Waldo Gifford Leland served as executive secretary of the American Historical Association from 1908–19. He was also the director emeritus of the American Council of Learned Societies. Leland passed away October 19, 1966.
In Memoriam
From the American Historical Review 72:2 (January 1967)
Waldo Gifford Leland, friend and leader of scholars, died October 19. Born in Newton, Massachusetts, July 17, 1879, he was of the second generation of professional historians. His passing breaks one of the last links of the present generation with the giants of the first. A student of J. Franklin Jameson and long one of his chief assistants at the Carnegie Institution of Washington, he also knew Henry Adams and in Europe was a friend of Henri Pirenne. A New England gentleman who possessed the best qualities, the dignity and learning, of the late nineteenth century, he came of age just as the twentieth century was beginning and played a leading role in the development of scholarship in the humanities from 1903 to the present.
The offices he held, the work he did, the high standards he maintained, the wise counsel he offered to hundreds of aspiring scholars, all brought him fame, affection, respect, and admiration. Educated at Brown and Harvard he early attracted the attention of leaders of the profession, particularly Jameson’s.

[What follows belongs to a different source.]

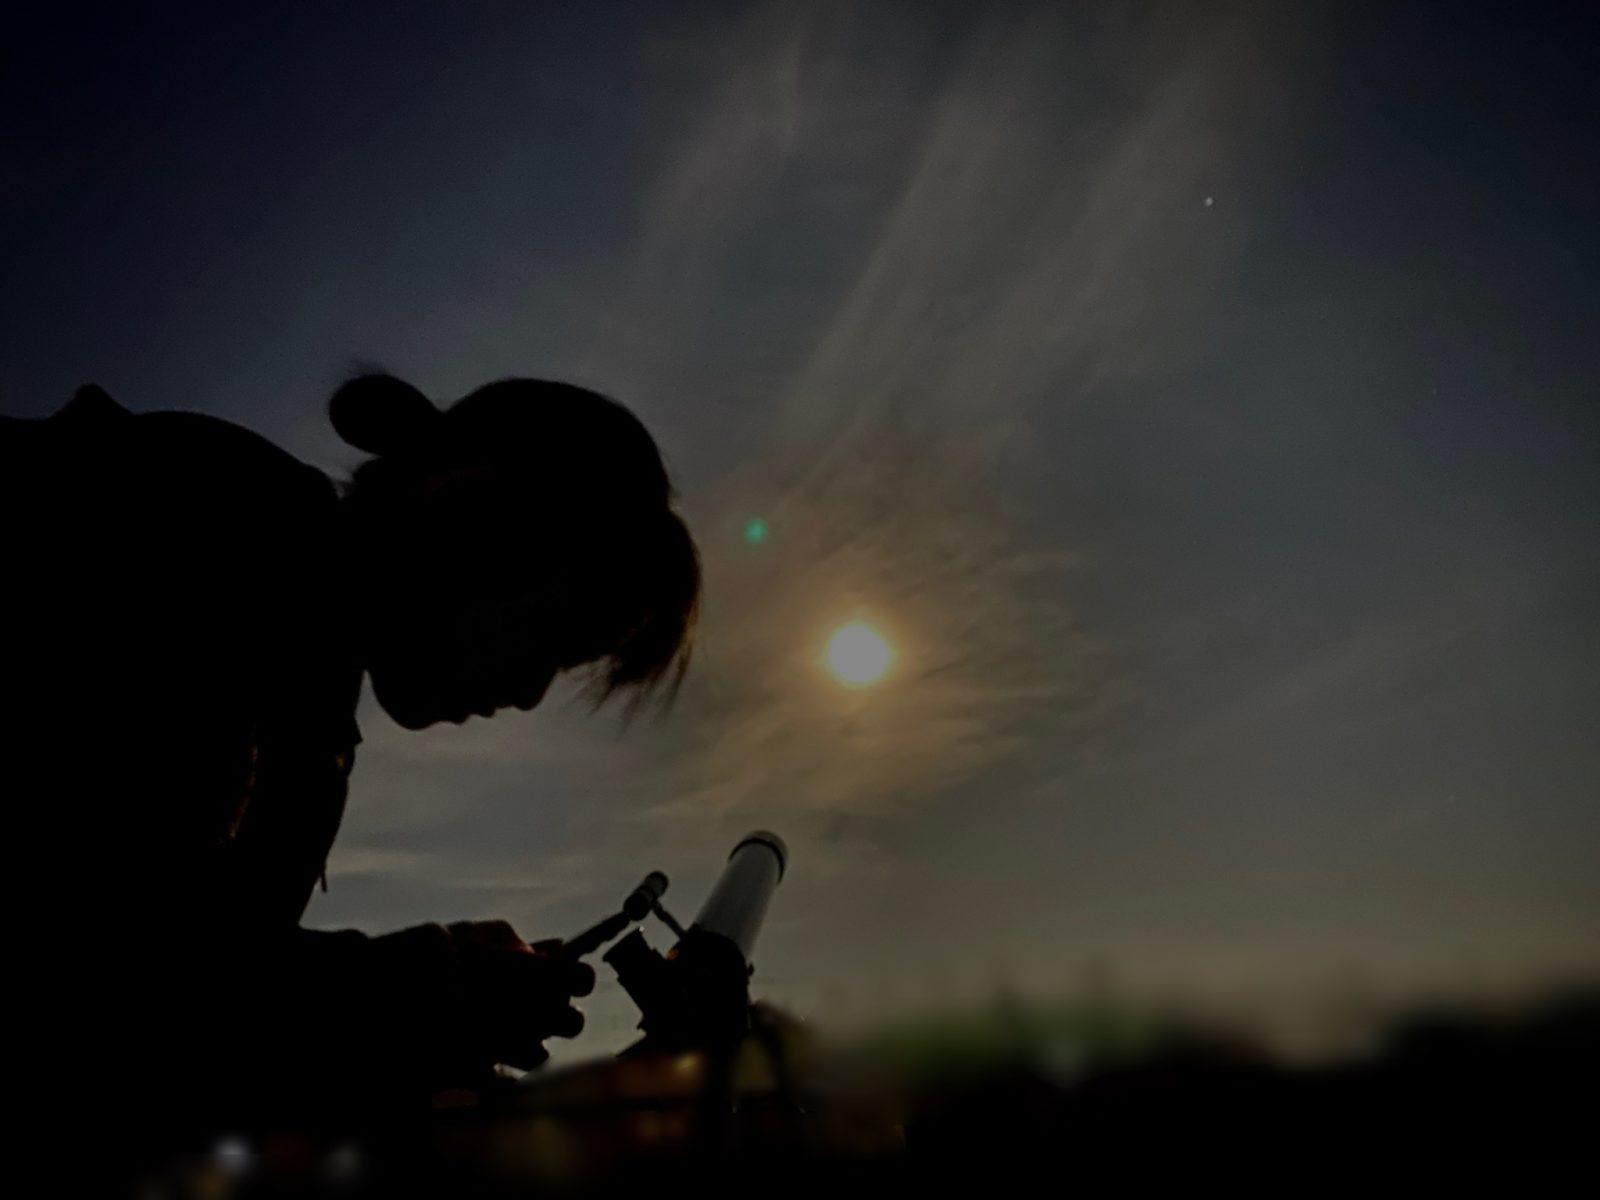 【自分のルーツを考える】星をみて感じる振り返りの時間

In 1907 he went to Paris to head a historical mission for the Carnegie Institution, to locate and to prepare guides to materials for American history. From 1907 to 1914 and again from 1922 to 1927 the Lelands often lived in France. He was also Secretary of the American Historical Association from 1908 to 1919. In 1927 he became director of the American Council of Learned Societies, which he had helped to organize, and he remained in that position until 1946. Through these most active years he not only aided scholars in Europe and America; he also received many honors. Called upon by the United States government to be consultant on many missions during the two world wars and the years in between, he always represented the interests of scholarship. Internationally his devotion to these interests brought him in 1938 to the presidency of the International Committee of Historical Sciences. He was always especially proud of his membership in the American Philosophical Society, the American Historical Association, the Society of American Archivists (president, 1939–1941), Phi Beta Kappa, and the Cosmos Club of Washington, D. C. (president, 1947). He never lost his love for France, which made him chevalier of the Legion of Honor, or forgot his obligations to Brown University (Board of Fellows over many years).
Among his many publications were guides to the archives of the United States, to the social and economic history of World War I, and, above all, his Guide to Materials for American History in the Archives and Libraries of Paris (Volume I, 1932; Volume II, 1943; and work in progress).
While Waldo Leland had predecessors of his same mold in the first generation of the profession, it is unlikely that he can have successors of this mold in later generations. But the twentieth-century world of scholarship is richer because he was part of it. And the many scholars he assisted will perpetuate his memory, as does the splendid portrait in the National Archives building.